Gemcitabine will be administered at a dose of 1000 (mg/m\^2) as intravenous infusion over 30 minutes on Day 1, 8 and 15 of every 28-day cycle. Doses will be administered until evidence of progressive disease, intolerable toxicity or subject withdrawal.
TH-302 placebo (5 percent dextrose - D5W) will be administered as intravenous infusion over 30 minutes on Day 1, 8 and 15 of every 28-day cycle. Doses will be administered until evidence of progressive disease, intolerable toxicity or subject withdrawal.
Sponsors
Study design
Eligibility
Inclusion criteria
* At least 18 years of age * Locally advanced unresectable or metastatic pancreatic ductal adenocarcinoma proven by histology or cytology and previously untreated with chemotherapy or systemic therapy other than: * Radiosensitizing doses of 5-fluorouracil; * Radiosensitizing doses of gemcitabine if relapse occurred at least 6 months after completion of gemcitabine; * Neoadjuvant chemotherapy if relapse occurred at least 6 months after surgical resection; * Adjuvant chemotherapy if relapse occurred at least 6 months after completion of adjuvant chemotherapy * Measurable disease (at least one target lesion outside of previous radiation fields) or non-measurable disease by RECIST v.1.1 criteria * Documentation of disease progression since any prior therapy * Eastern Cooperative Oncology Group (ECOG) performance status of 0 or 1. * Life expectancy of at least 3 month * Acceptable liver, renal function and acceptable hematological status * Other protocol defined inclusion criteria may apply
Exclusion criteria
* New York Heart Association (NYHA) Class III or IV congestive heart failure, myocardial infarction within 6 months prior to the date of randomization, unstable arrhythmia or symptomatic peripheral arterial vascular disease * Symptomatic ischemic heart disease * Known brain, leptomeningeal or epidural metastases (unless treated and well controlled for at least 3 months) * Previous malignancy other than pancreatic cancer in the last 5 years, except for adequately treated non-melanoma skin cancer or pre-invasive cancer of the cervix * Severe chronic obstructive or other pulmonary disease with hypoxemia * Major surgery, other than diagnostic surgery, less than or equal to 28 days prior to the date of randomization.
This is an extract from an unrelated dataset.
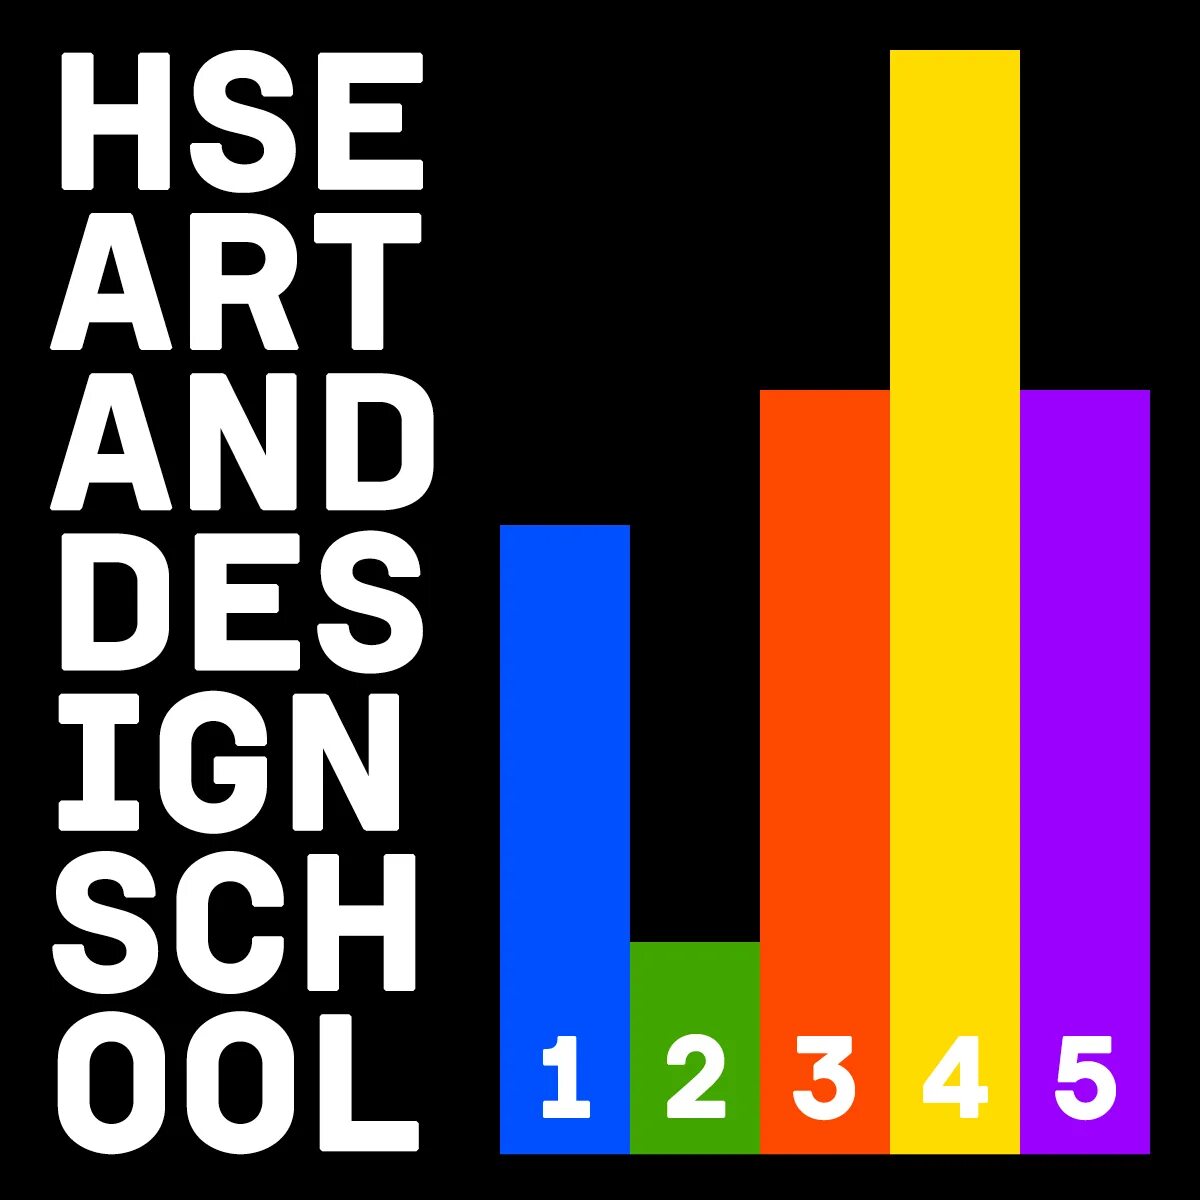 HSE Art. Школа дизайна ВШЭ логотип. HSE Art and Design School logo. HSE Art and Design School. Hse art and design

Subject must have completely recovered from surgery * Active, uncontrolled bacterial, viral, or fungal infections, requiring systemic therapy * Treatment of pancreatic cancer with radiation therapy or surgery less than or equal to 28 days prior to the date of randomization * Prior therapy with a hypoxic cytotoxin * Subjects who participated in an investigational drug or device trial less than or equal to 28 days prior to Day 1 of the first cycle * Known infection with Human Immunodeficiency Virus (HIV), or an active infection with Hepatitis B or Hepatitis C * Subjects who have exhibited allergic reactions to a structural compound similar to TH-302 or the drug product excipients or to gemcitabine or its excipients * Other protocol defined
Design outcomes
Primary
| Measure | Time frame | Description |
|---|---|---|
| Overall Survival | From date of randomization until the date of first documented progression or date of death from any cause, whichever came first, assessed up to 2 years | Overall survival is defined as time from randomization to death or last day known to be alive. |
Secondary
| Measure | Time frame | Description |
|---|---|---|
| Progression Free Survival | From date of randomization until the date of first documented progression or date of death from any cause, whichever came first, assessed up to 2 years | Progression Free Survival is defined as the time from randomization to either first observation of progressive disease or occurrence of death. Progression is defined using Response Evaluation Criteria In Solid Tumors Criteria (RECIST v1.1), as a 20% increase in the sum of the longest diameter of target lesions, or a measurable increase in a non-target lesion, or the appearance of new lesions. |
Countries
Germany, United States
Participant flow
Participants by arm
| Arm | Count |
|---|---|
| Gemcitabine Plus TH-302 TH-302: TH-302 will be administered at a dose of 340 milligrams per square meter (mg/m\^2) as intravenous infusion over 30 minutes on Day 1, 8 and 15 of every 28-day cycle. Doses will be administered until evidence of progressive disease, intolerable toxicity or subject withdrawal.
Gemcitabine: Gemcitabine will be administered at a dose of 1000 (mg/m\^2) as intravenous infusion over 30 minutes on Day 1, 8 and 15 of every 28-day cycle. Doses will be administered until evidence of progressive disease, intolerable toxicity or subject withdrawal. | 346 |
| Gemcitabine Plus Placebo Gemcitabine: Gemcitabine will be administered at a dose of 1000 (mg/m\^2) as intravenous infusion over 30 minutes on Day 1, 8 and 15 of every 28-day cycle. Doses will be administered until evidence of progressive disease, intolerable toxicity or subject withdrawal.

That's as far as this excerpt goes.